C++ object's reference counting

Last update: 13.01.2009

Passing objects to methods by pointer or reference is very handy if you want to boost performance by avoiding invoking the copy constructor. Sometimes it's the only way to pass an object because it doesn't have a copy constructor or assignment operator defined. An example would be an object that has an open operating system resource that can't be safely shared.

Let's say that you are creating a class that does some low-level operation on a file. It contains a file descriptor as a field:

  1. class LowLevelFile
  2. {
  3. int fd
  4.  
  5. // [...]
  6. };

The Problem

Writing a copy constructor and assign operator is an easy task using dup(). The problem is that copying this object allocates a new file descriptor and the number of file descriptors is limited. Duplicated file descriptors also share status of the opened file (like current offset). If you change this state in one copy of an object, this also affects other copies. This can lead to problems that are hard to debug, looking at the code that is using the LowLevelFile class code everything seems to be OK when you see modifications of a copy of an object, but you don't see that in fact all copies of an object share the same resource.

In some situations the best way to assume that everywhere object is passed as a pointer. But then you don't when when to destroy it. You passed the pointer to some method of some class, but without looking at the documentation or source of that class you can't be sure if that method doesn't save this pointer in a field of that class or in a some STL collection object.
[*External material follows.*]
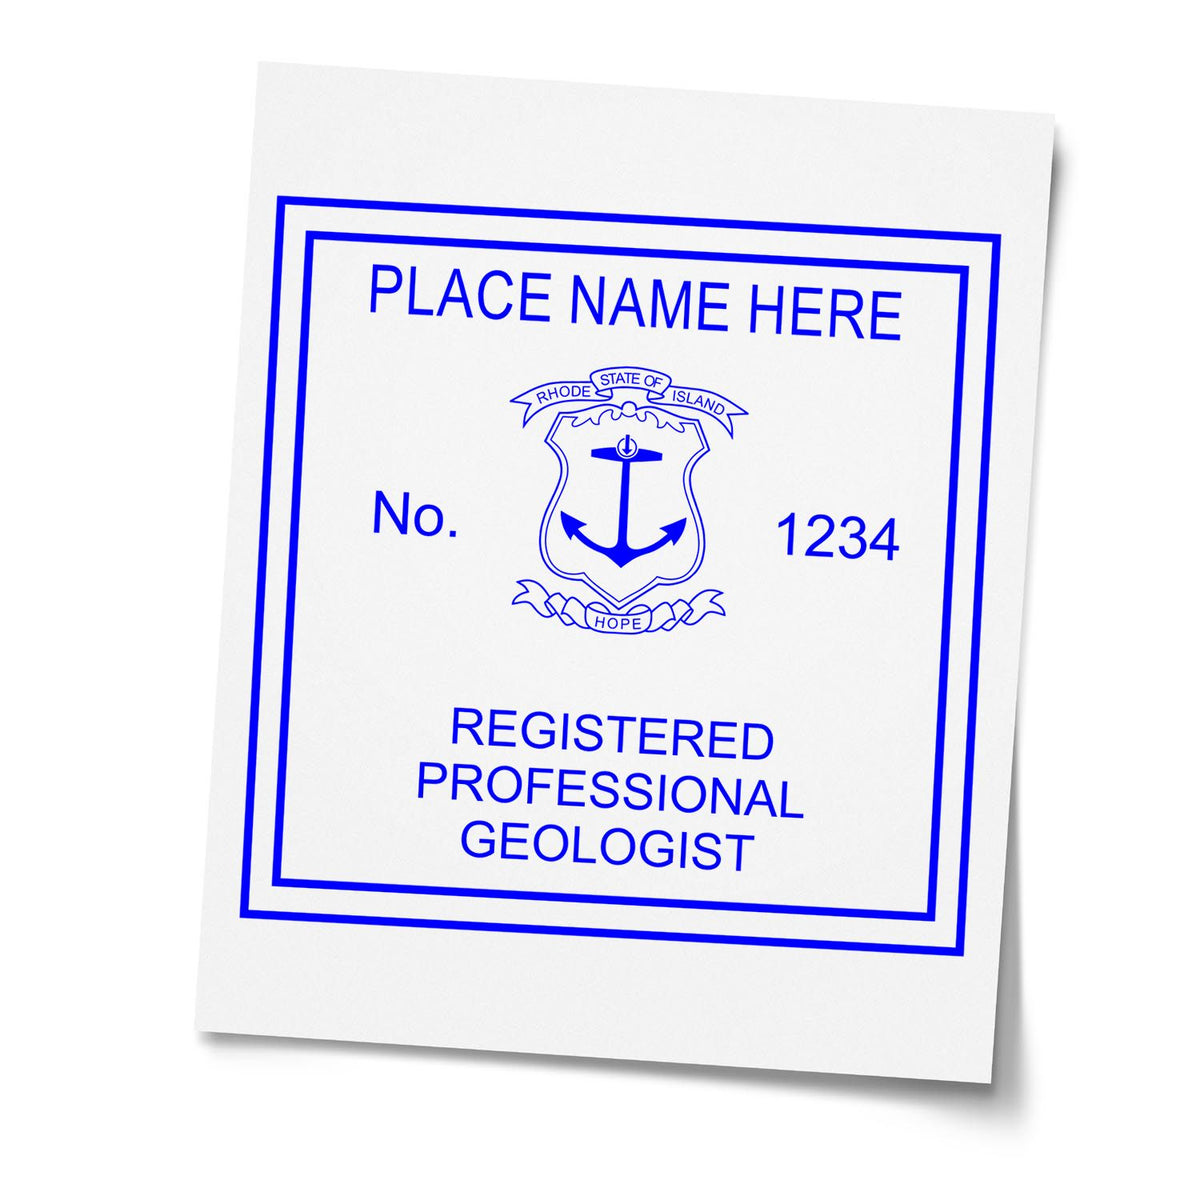 A lifestyle photo showing a stamped image of the Digital Rhode Island Geologist Stamp, Electronic Seal for Rhode Island Geologist on a piece of paper

So is it used now somewhere in the program? This problem arises even with small projects (below 10000 lines), even when you are the only author. Since there is no way to use just one assumption everywhere in real life (like pass everything as a pointer), there is always place to introduce leaks or double delete.
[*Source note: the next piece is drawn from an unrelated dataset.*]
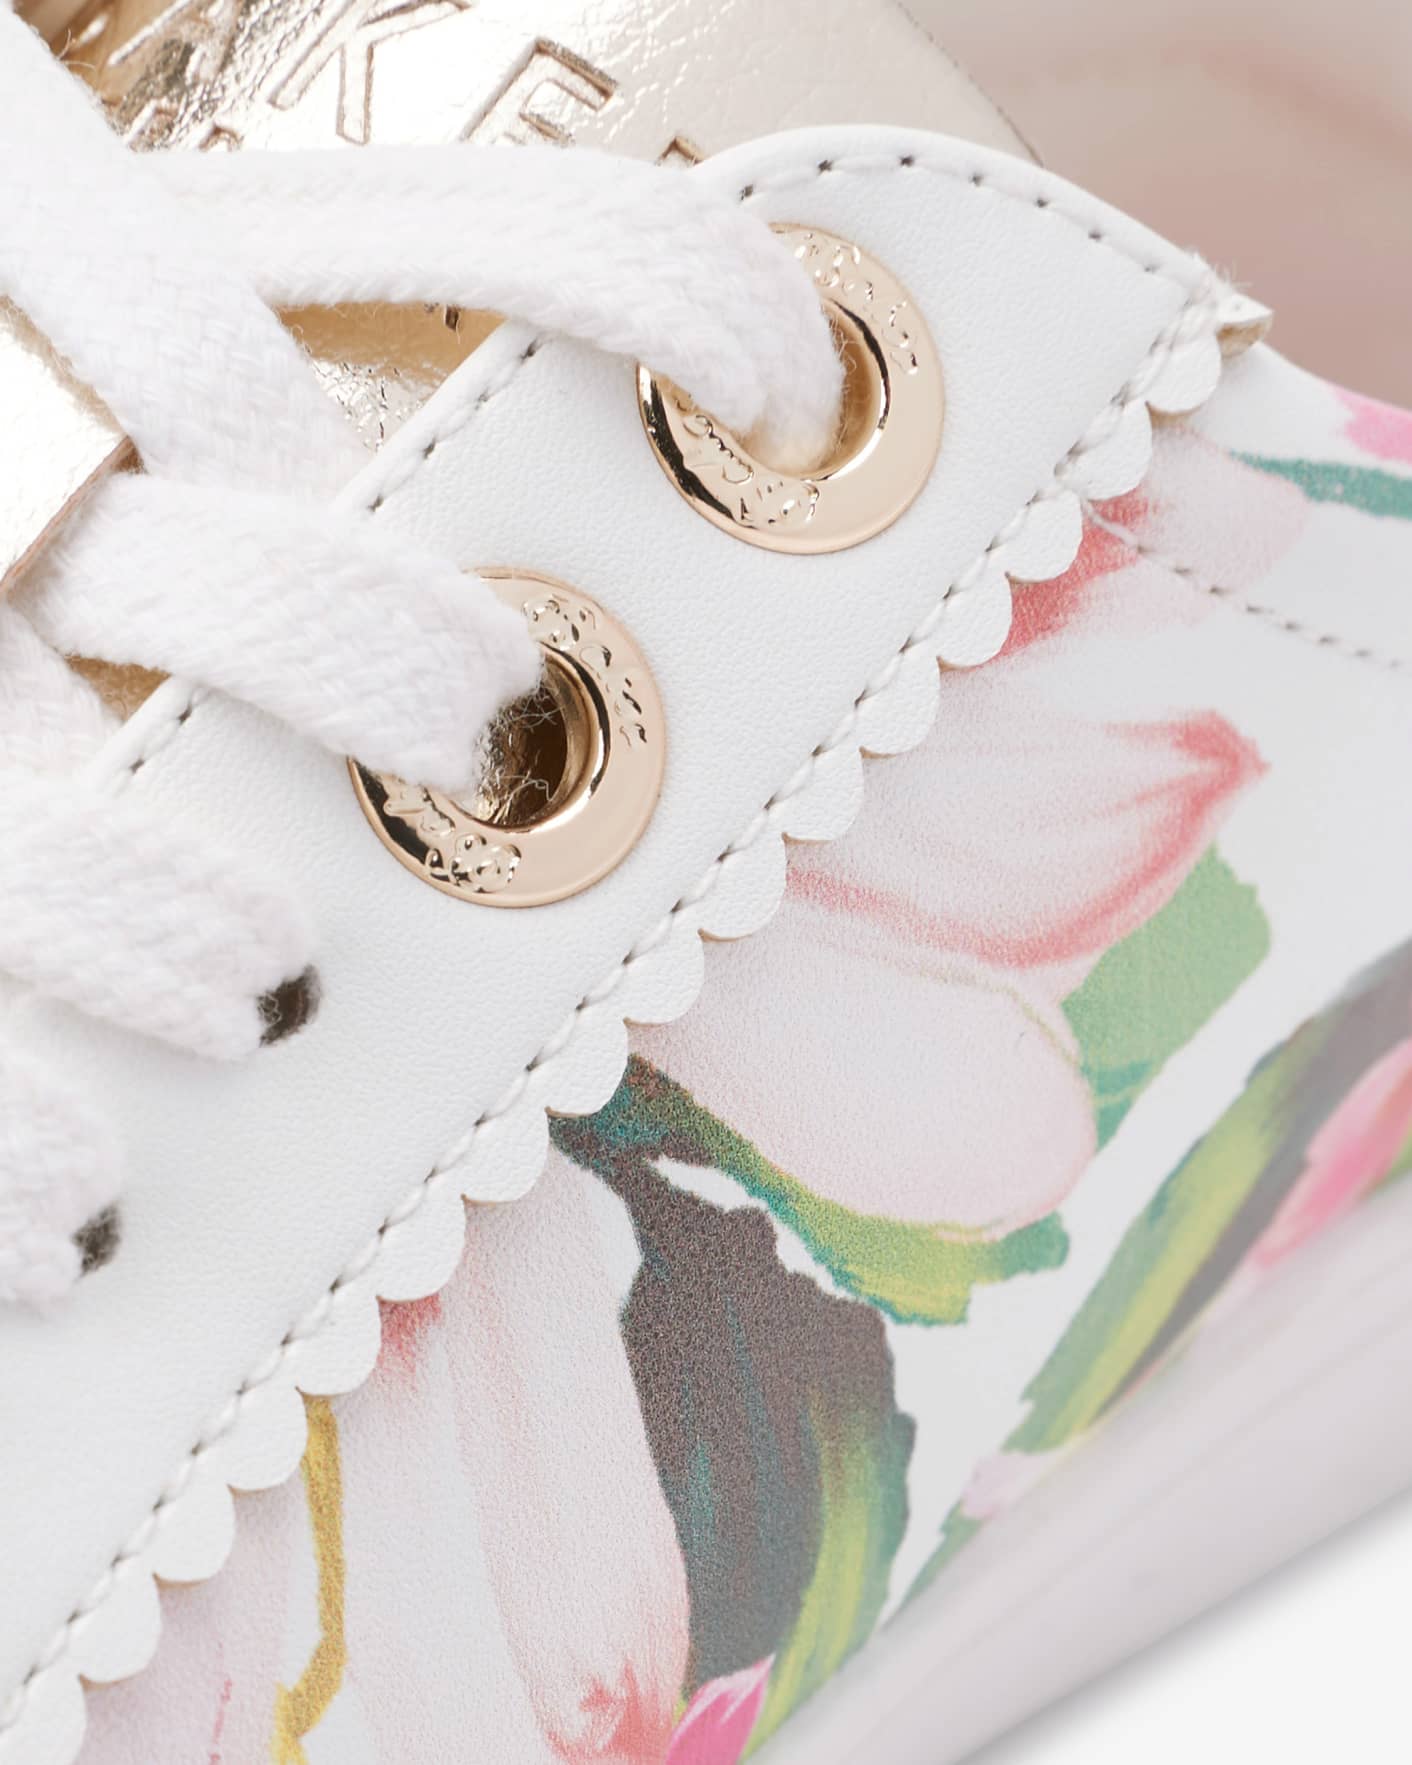 White Floral Printed Lace Up Trainer Ted Baker

Another problem is using STL containers: adding something to a container invokes copy constructor even when you think the compiler could optimize that like in situation:

  1. class Test
  2. {
  3. // [...]
  4. };
  5.  
  6. vector< Test > v;
  7. v.push_back (Test());

An object of class Test is created using it's constructor and then a copy of it is made using the copy constructor. You could avoid that by inserting a pointer to the object in the collection, but problems mentioned in the previous paragraph will arise.

Solution in Java


Languages like Java overcome this kinds of problems by using references to objects when passing them to a method or copying them. Copying an object must be done explicitly. In Java, if you write:

  1. File a = new File ("/etc/passwd");
  2. findUser (a);

The variable a is a reference to an object, like a reference in C++ and this is the only way you can refer to an object. The second line passes this reference to a method. Again, this is the only method to pass objects; by reference. This is a simplification in contrast of C++ where you can pass an object by value, by reference and by pointer. It has this advantage that when you are not explicitly copying an object you always know that there is one File object and the whole code operates on that object.

Moreover, in Java you don't delete the object. When the Java Virtual Machine finds out that the object is not used (not referenced by anything) it's scheduled to be deleted by the (in)famous garbage collector. I will be not discussing if the GC is bad or good, you can find many information about this on the Web. I just want to point that this resolves all of our problems - you don't need to track when you have a copy of an object and where just a pointer/reference to the original one.

Solution in C++


Thirst solution people will think of is using auto_ptr<> template, but it's not intended to be passed to a method or put into a container because it does no reference counting, it just deletes the object when it's destructor is called.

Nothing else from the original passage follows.